Real-Time Shadow Maps on Mainstream Graphics Hardware


Abstract

This white paper describes techniques to generate shadows on mainstream graphics hardware in realtime. Shadows make a 3D scene more realistic and the realism is increased by the use of floating-point textures in shadow maps. This paper describes how shadow maps can be generated in graphics hardware that does not support floating point textures and those that do.


Introduction

Shadows are an important part of our perception of the world. We interpret them to give ourselves more information about the objects we see in the world1. The position and shape tell us about the surface on which a shadow is cast, the shape of the object, and the relative position of the light (Figure 1-1). For 3D graphics, they also provide a more realistic feel to scenes. A viewer can easily detect a computer generated image by incorrect shadows.
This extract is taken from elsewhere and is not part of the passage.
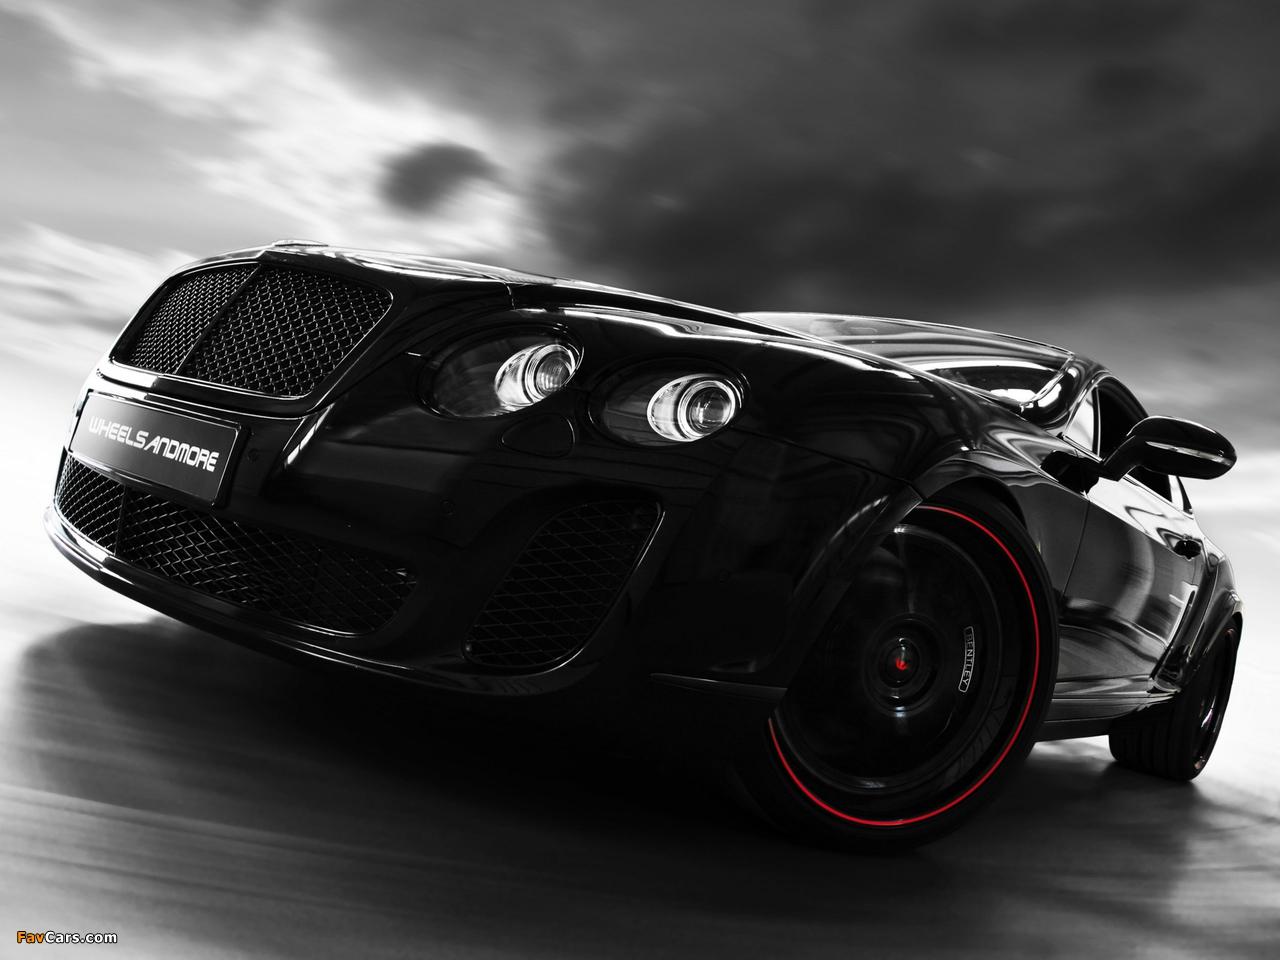 Wheelsandmore Bentley Ultrasports 702 2010 photos (1280 x 960)
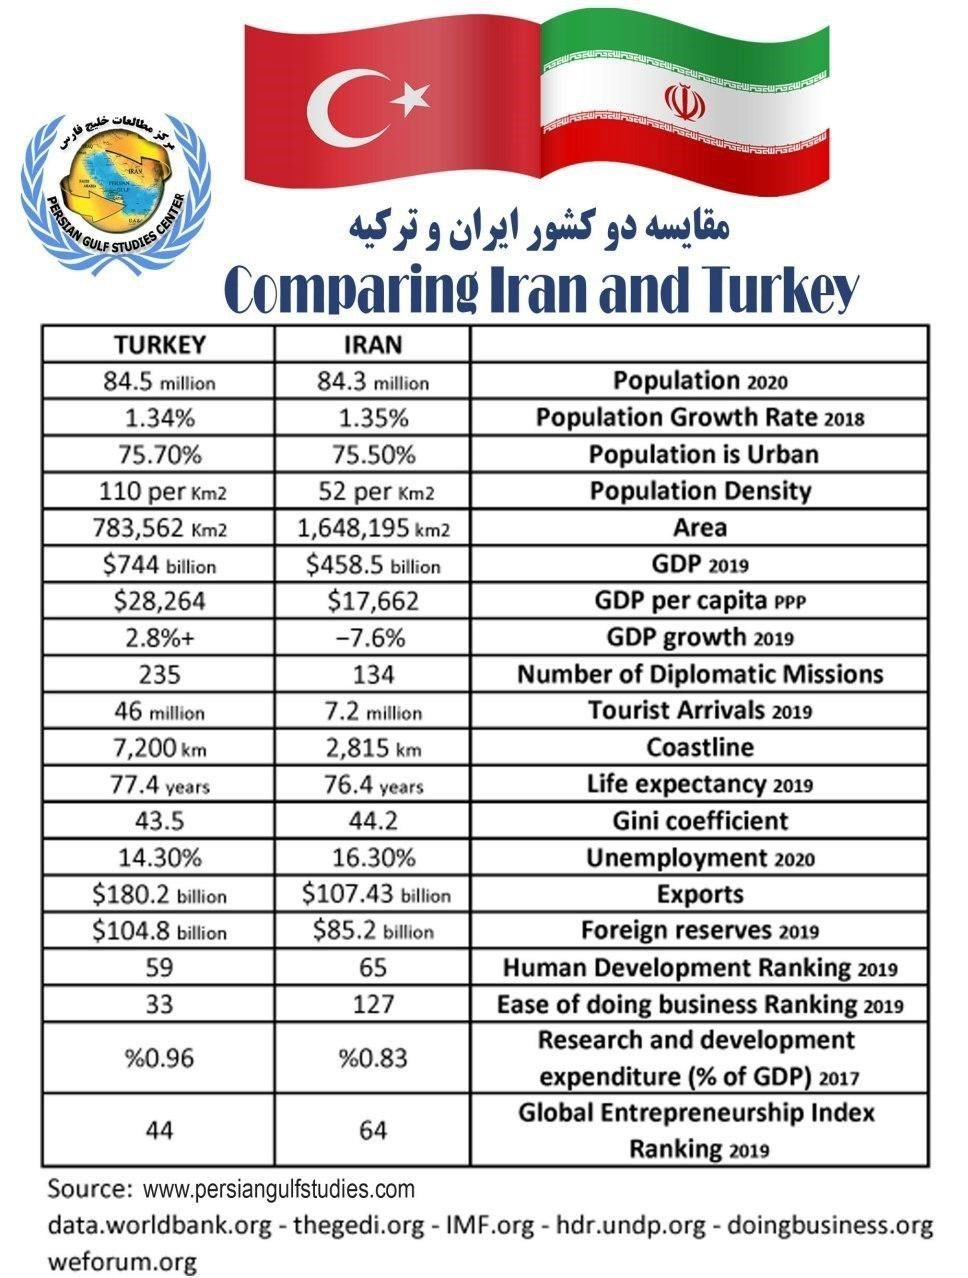 کاهش جمعیت , فرزندآوری , سیاستهای تشویقی برای فرزندآوری , کشور ترکیه , کلیدواژههای بیانات مقام معظم رهبری ,

This paper discusses:

  • A detailed implementation using shadow maps on mainstream graphics hardware based on the Intel® G965 Express Chipset that supports floating-point textures.
  • Threading the algorithm.
  • Showing ways to work around precision issues when using hardware that does not support floating-point textures like the Intel® 915G Express Chipset.
  • An implementation (code sample) of shadow maps that is based on the EmptyProject example from the Microsoft DirectX* 9.0 SDK

 

Figure 1-1. Scene Rendered Without and With Shadows

The shadow provides the viewer with information about the position of the light source and the distance from the torus to the back plane.


Overview

Shadows are created when light from a light source does not reach an object (the receiver) because it is blocked by another object (the occluder). We will consider a simplified lighting model with only point light sources casting shadows. With point light sources, either all of the light from a source reaches a point on the receiver or all of the light is blocked by an occluder. This model creates hard shadows which are unrealistic because they result in a distinct, or hard, edge between the lit area of a receiver and the area in shadow. Light sources that occupy a volume in space create soft shadows where the receiver is partially lit by the light source (Figure 2-1).

Figure 2-1. Representation of Shadow Optics

In Figure 2-1, a light source sampled from only one point creates a hard shadow. Sampling from the entire source creates the penumbra and an umbra that is smaller than the hard shadow.

Lance Williams introduced shadow maps in 1978. The basic idea for shadow maps is that a light source only illuminates objects visible from that light source. To calculate lighting, first determine which points in the scene are visible from the light source. The shadow map stores the distances of the points in the scene that are closest to the light. When calcul ating the lighting for a point, test the distance from that point to the light against the corresponding value in the shadow map. If the point is equal to the value stored in the shadow map, the point is lit. If the point is farther away, there must be an object closer to the light, so the point is in shadow.

To create the shadow map, we render the scene from the light’s point of view and store the depth value at each pixel. Normally, the map is stored as a texture. The standard rendering of the scene provides a very fast way to sort the objects in the scene and allows us to ignore how the scene geometry is represented. When we render the scene, we must transform each point to the light’s perspective space and calculate the distance from the point to the light. We then compare this distance to the value stored in the shadow map. If the distance is from the point to the light is greater than the shadow map value, there must be an occluder between the light and the point, so the point is in shadow.

Shadow maps are especially useful because of their simplicity. We do not need to place any restrictions on the geometry in the scene; if we can render the objects in the scene, we can generate the shadow map. The number of shadow maps, and associated storage requirements, is independent of the scene complexity and is linear with the number of lights. Generating the shadow maps is fast because we use highly optimized hardware. Also, because shadows are independent of the viewer’s position in the scene, we only need to recalculate the shadow maps when lights or objects in the scene move.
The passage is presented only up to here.